The securities industry has been profitable for five consecutive years, Comptroller Thomas DiNapoli said. It had 165,200 workers in New York City as of December, or 12.6 percent fewer than before the crisis.

Profits for broker/dealer operations of some 200 New York Stock Exchange members -- the traditional measure of profitability for the securities industry -- totaled nearly $16.7 billion last year, down 30 percent from a year earlier.

"Although profits were lower than the prior year, the industry still had a good year in 2013 despite costly legal settlements and higher interest rates," DiNapoli said. "Wall Street continues to demonstrate resilience as it evolves in a changing regulatory environment."

Regulatory changes have required larger reserves, limited proprietary trading and imposed other changes intended to reduce risk. Firms now defer a larger share of bonuses, and the comptroller's report for 2013 includes money deferred from prior years.

The report showed the bonus pool for the city's securities employees grew 15 percent last year to $26.7 billion during the traditional December-March bonus season, with the pool increased by 44 percent over the past two years driven by deferred compensation.

The average salary including bonuses in 2012 was $360,700, or more than five times greater than the rest of the rest of the private sector. The industry accounted for 22 percent of all private sector city wages in 2012 and 5 percent of the jobs, the report said. The securities industry generated an estimated $3.8 billion in city taxes in fiscal year 2013 and $10.3 billion in state taxes in the state's last fiscal year.

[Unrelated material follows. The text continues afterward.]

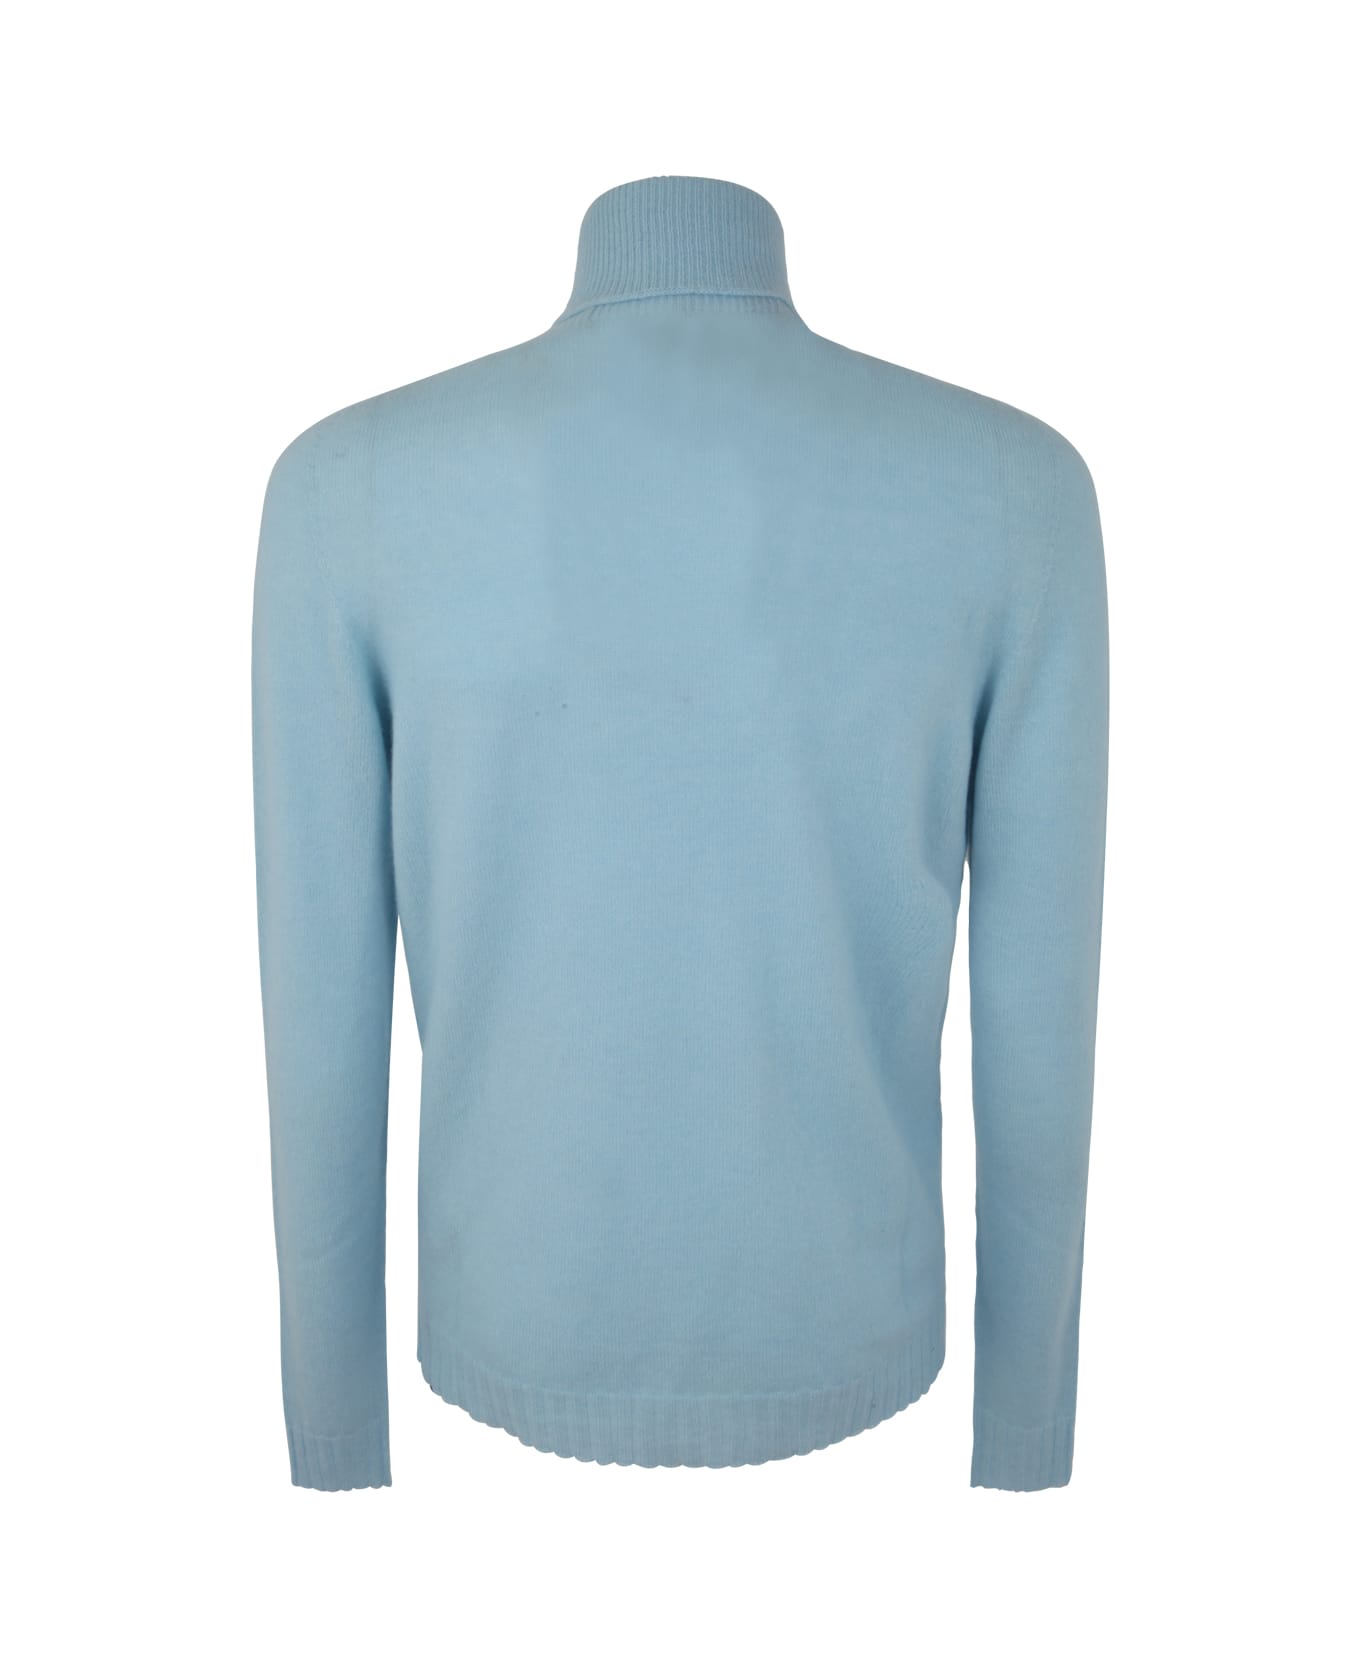 MD75 Cashmere Turtle Neck Sweater - Light Blue
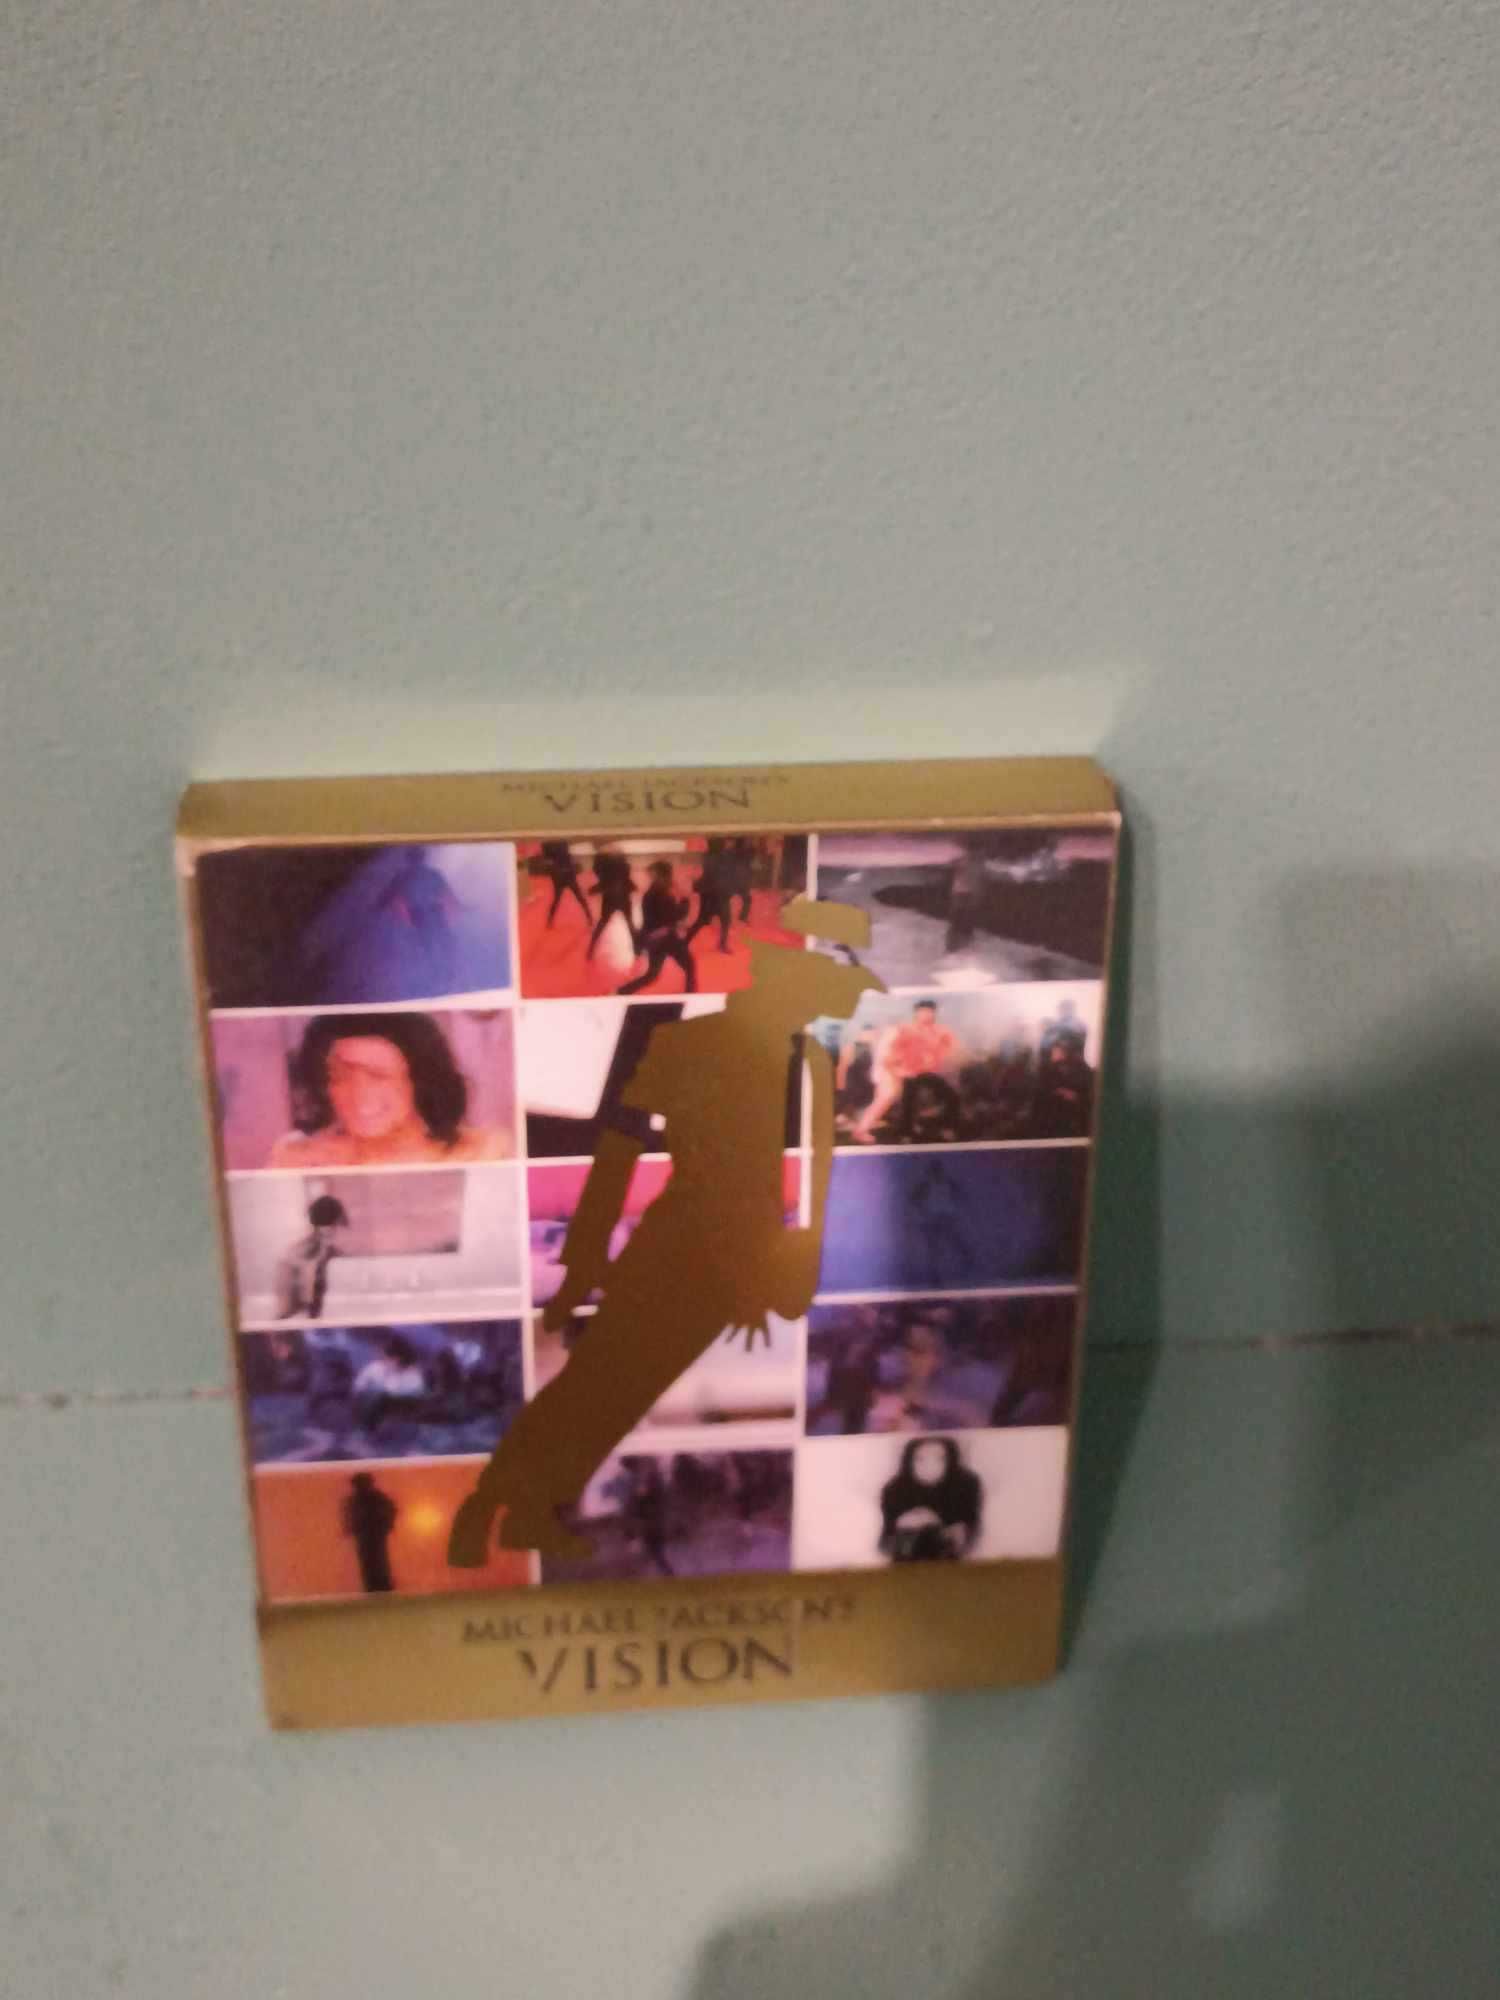 Album z 3 płytami cd - Michael Jackson Vision

The $26.7 billion in bonuses Wall Street banks handed out in 2013 would be enough to more than double the pay for all 1,085,000 full-time U.S. minimum wage workers, according to an Institute for Policy Studies analysis of New York State Comptroller bonus figures released this morning.

The Institute for Policy Studies, a Washington-based think tank that calls itself "a policy and research resource for visionary social justice movements," said the $26.7 billion would be enough to more than double the pay for more than 1 million Americans who work full time at the federal minimum of $7.25 per hour.